Journée noire : la Ville de Metz à l’arrêt ?

Dans un contexte de mobilisation contre la réforme des retraites, la ville de Metz a vécu une matinée particulière. Transport, commerce et éducation, retour sur un jeudi 19 janvier particulier.

Les rues, les commerces, et même la gare, ce matin, la ville de Metz a affiché un paysage bien calme. Mais on s’y attendait, car la grève contre la réforme des retraites voulait impacter cette journée avec de fortes perturbations. 

La gare SNCF de Metz a répondu à l’appel. Si le service n’a pas voulu communiquer le nombre de grévistes parmi les salariés de Metz, les usagers n’ont pu que constater le manque de train. Après 9h30, aucun n’était prévu avant 12h20 en direction de Longwy ou 13h45 vers Verdun.

Du côté des transports en commun, 75 à 100% des services LE MET étaient assurés.

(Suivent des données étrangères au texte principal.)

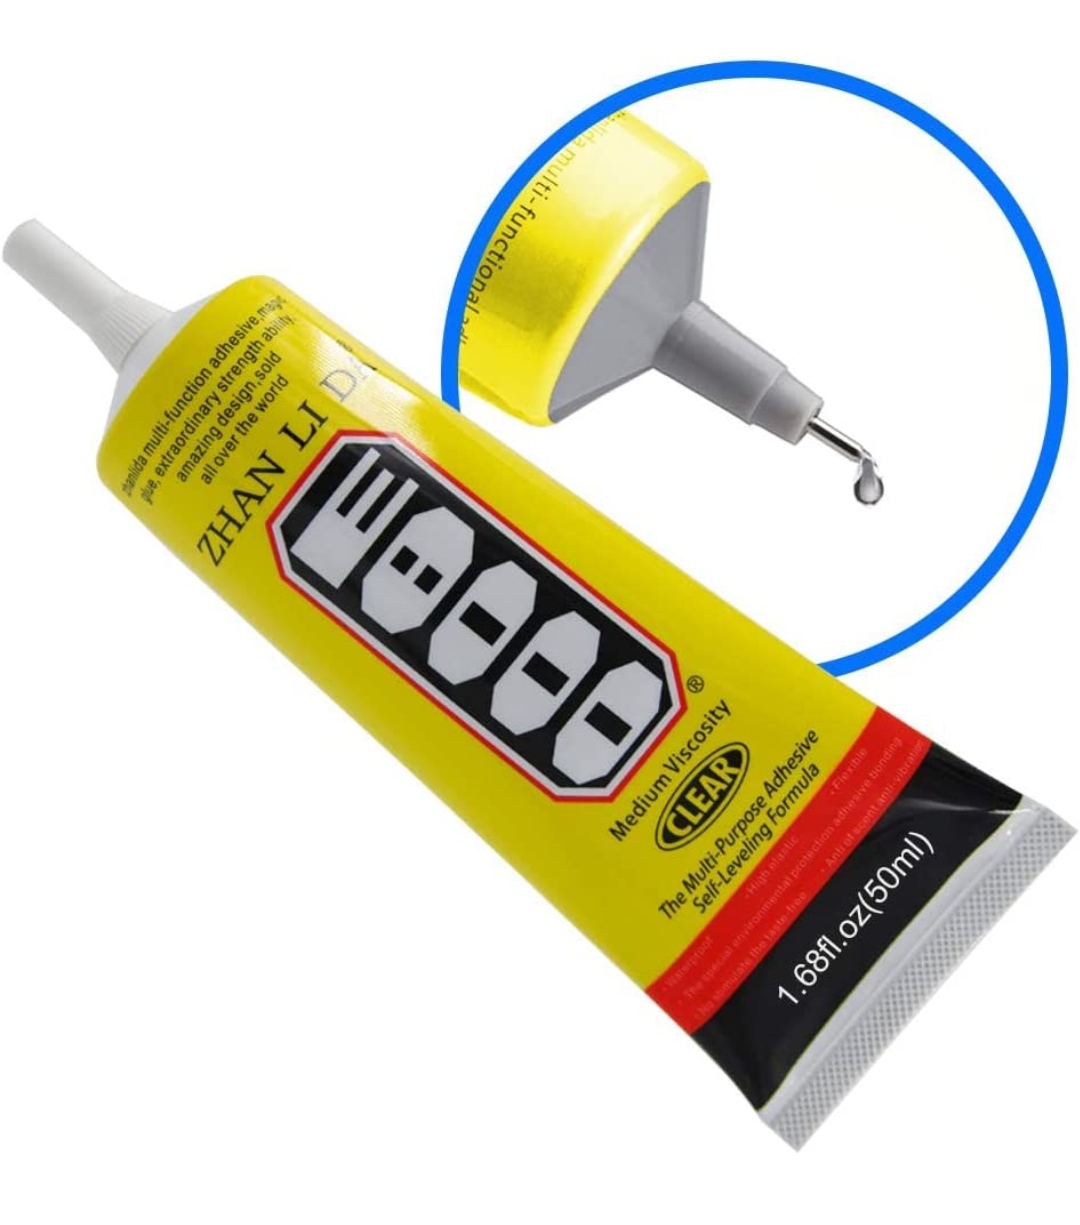 1pc 50ml E8000 Clear Adhesive Glue, Multi-functional And Versatile Repair  Glue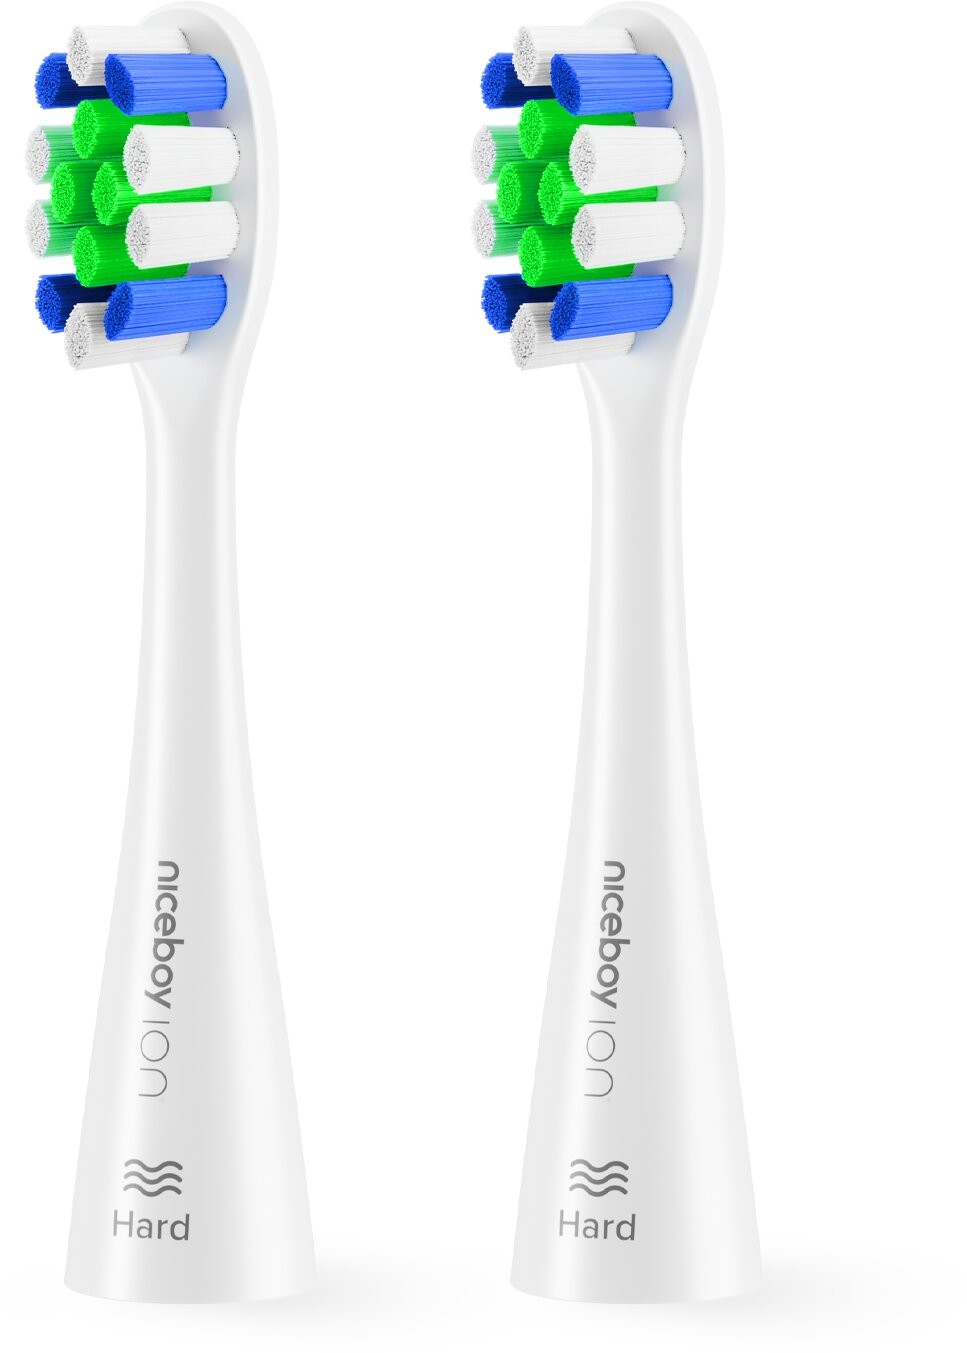 Niceboy ION Sonic Lite toothbrush heads 2 pcs Hard white - sonic-lite-hard-white

Constat divers pour les commerces messins

Chez les commerçants, la fréquentation est aléatoire. Dans la pâtisserie – salon de thé « Sourdot », par exemple, les clients se sont fait rares en matinée. À l’inverse, le restaurant « Chez Baptiste » affichait complet pour le service du midi ! Pour cause : les travailleurs du centre-ville ont préféré jouer la carte de la proximité.

Mais si Metz était à l’arrêt quelques heures ce matin, c’était pour laisser place à un après-midi plus mouvementé avec une mobilisation énorme des citoyens sur fond de colère sociale.

Mobilisation également pour l’éducation

L’académie de Nancy-Metz a communiqué sur les taux de participation au mouvement social de ce jour. Dans les collèges, le chiffres s’élève à environ 34,17 %. Il est de 23,09% dans les lycées d’enseignement général et technologique et 17,43% dans les lycées professionnels.